What is needed: Copy out all of the data word for word. Omit every picture.

Supplied material:
▽

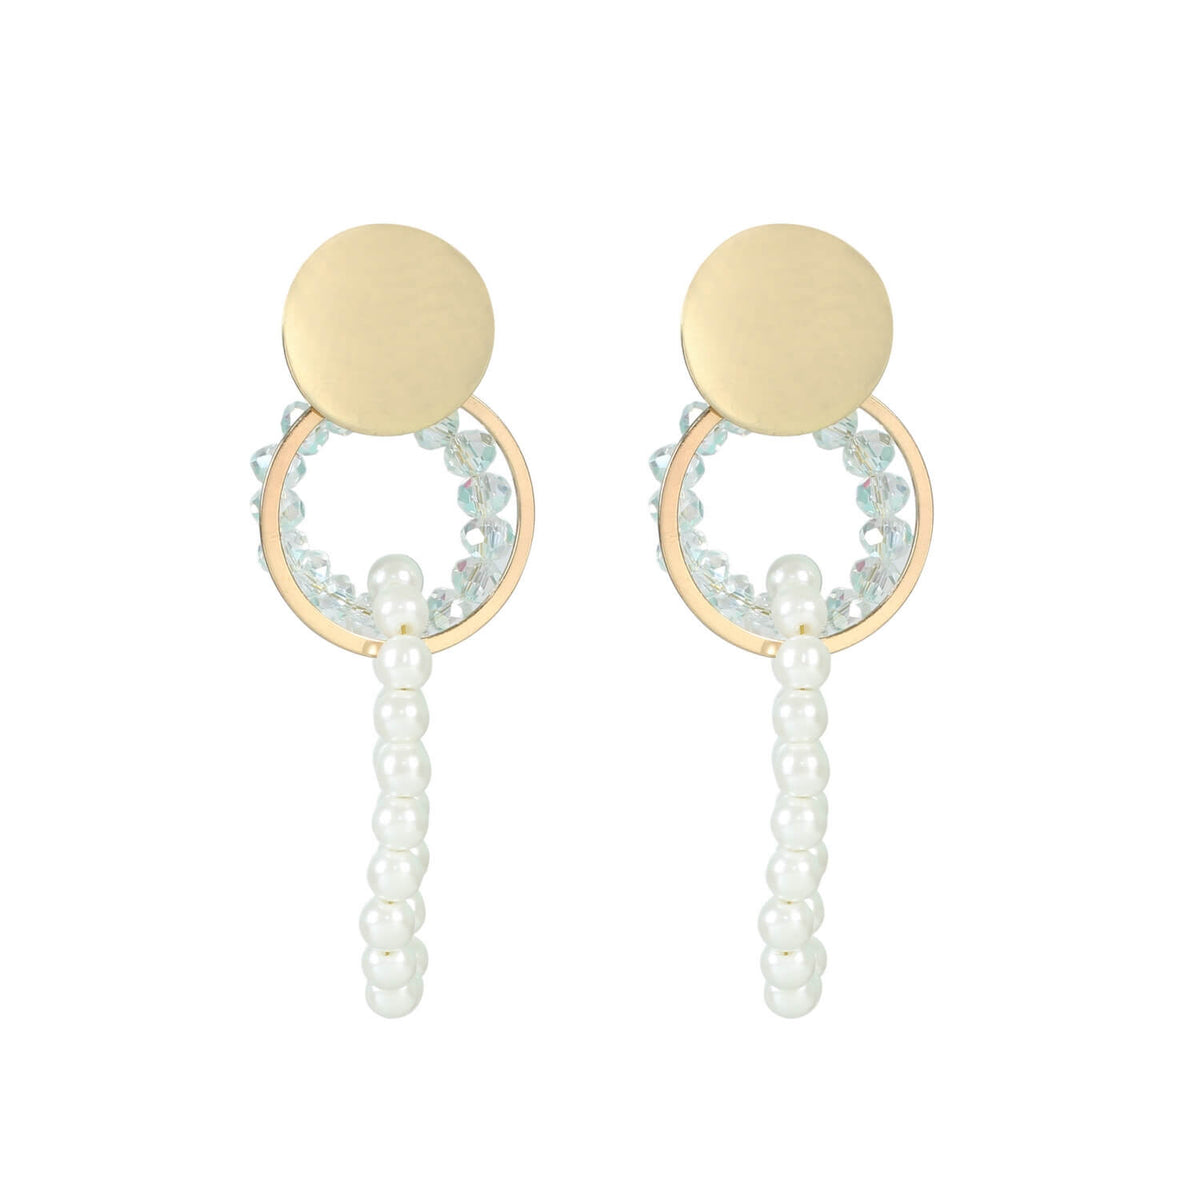 Elegant Pearl Circle Radiance Earrings
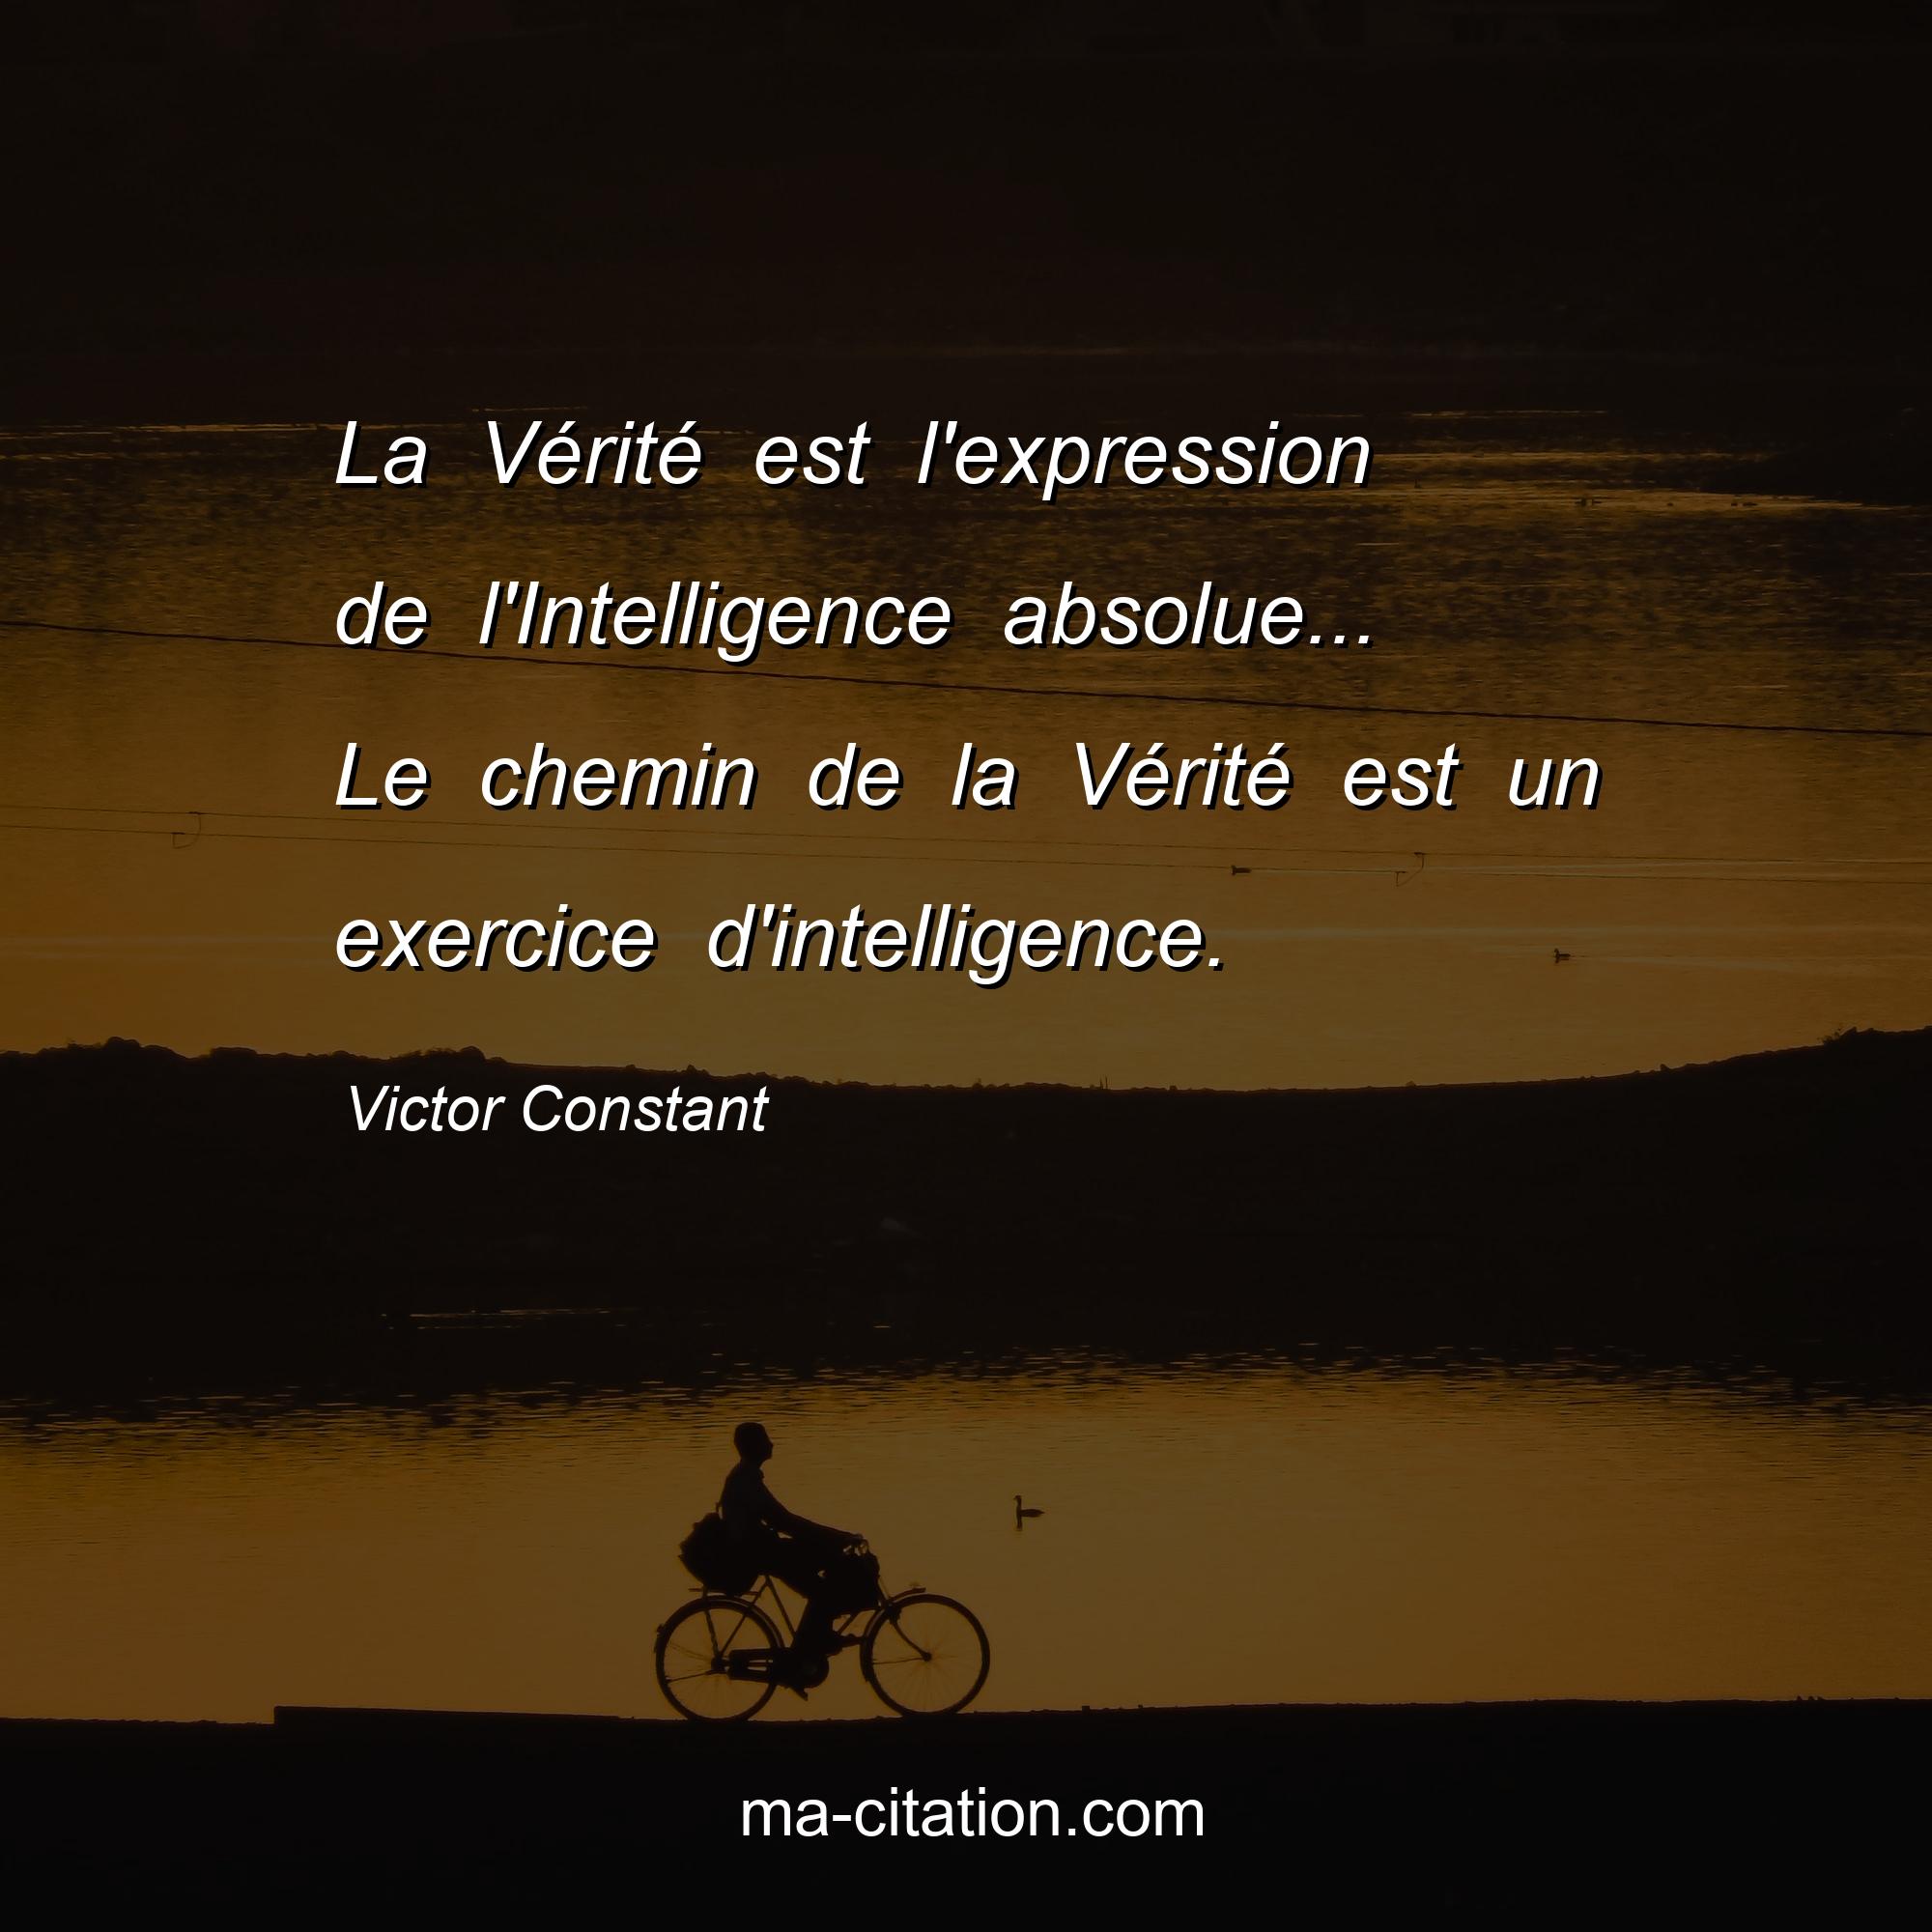 Victor Constant : La Vérité est l'expression de l'Intelligence absolue... Le chemin de la Vérité est un exercice d'intelligence.
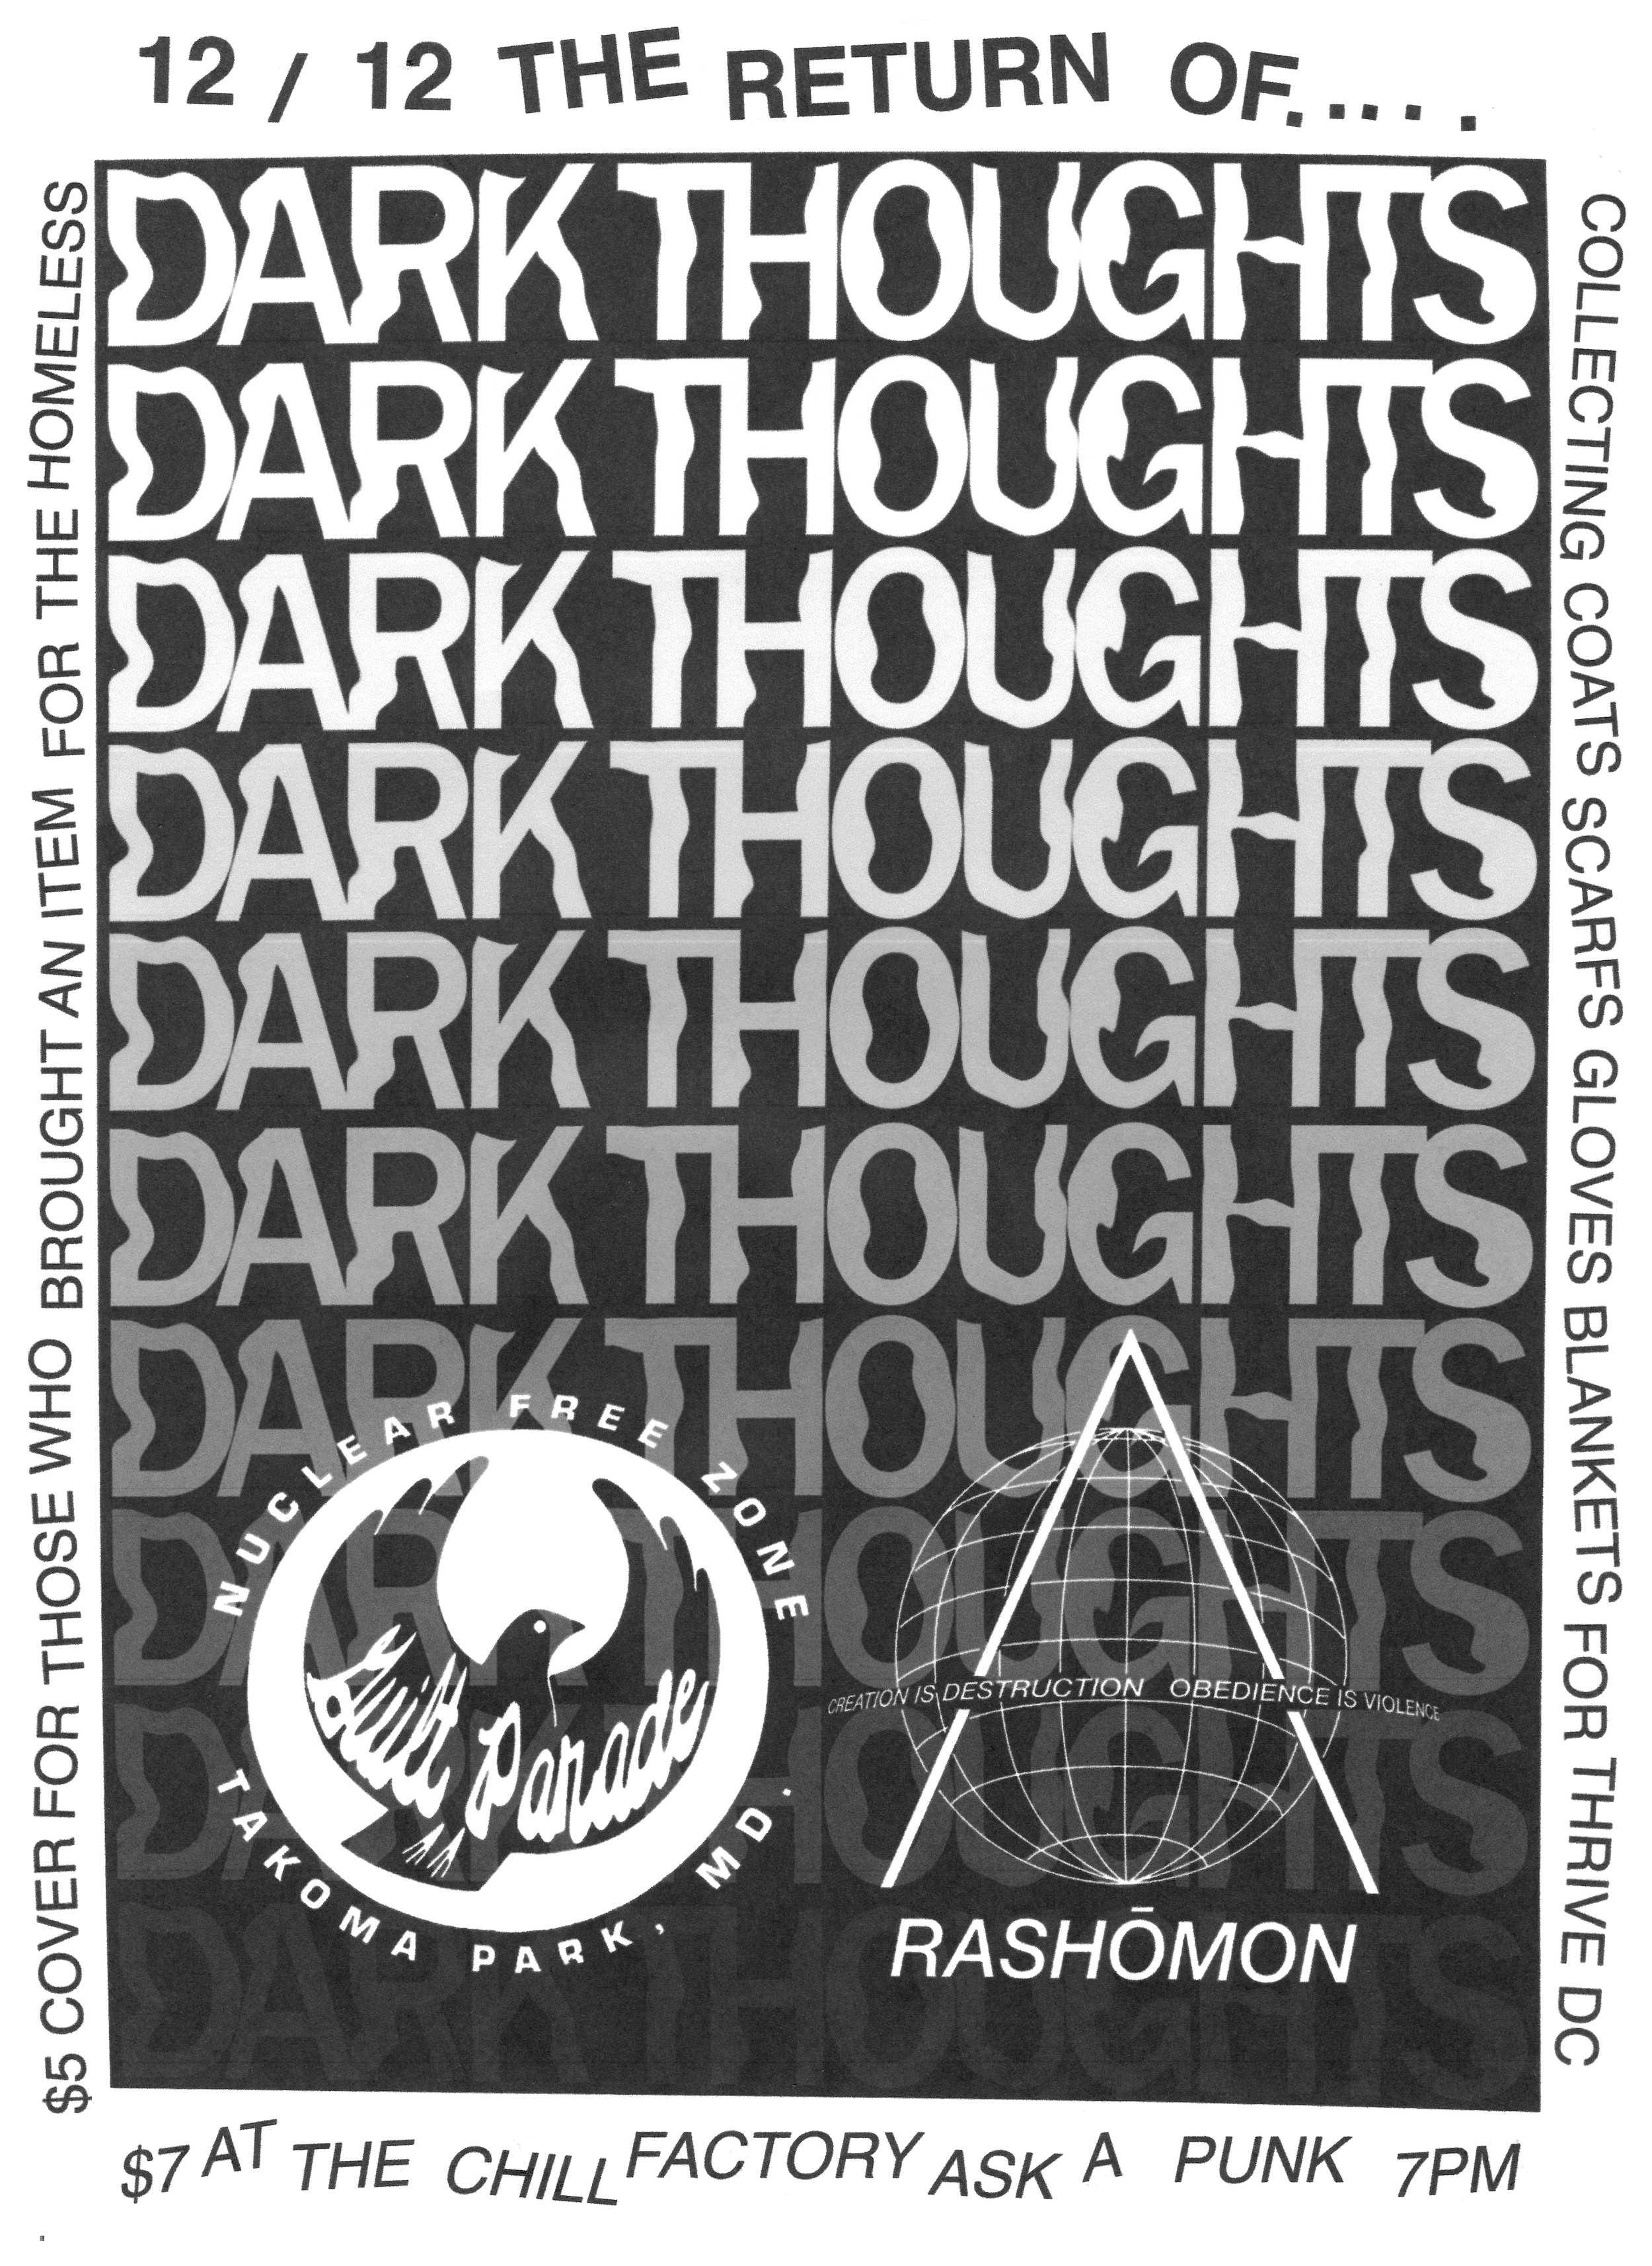 Dark_thoughts_3.jpg

△

Task output:
 Elegant Pearl Circle Radiance Earrings
 Victor Constant : La Vérité est l'expression de l'Intelligence absolue... Le chemin de la Vérité est un exercice d'intelligence.
 Dark_thoughts_3.jpg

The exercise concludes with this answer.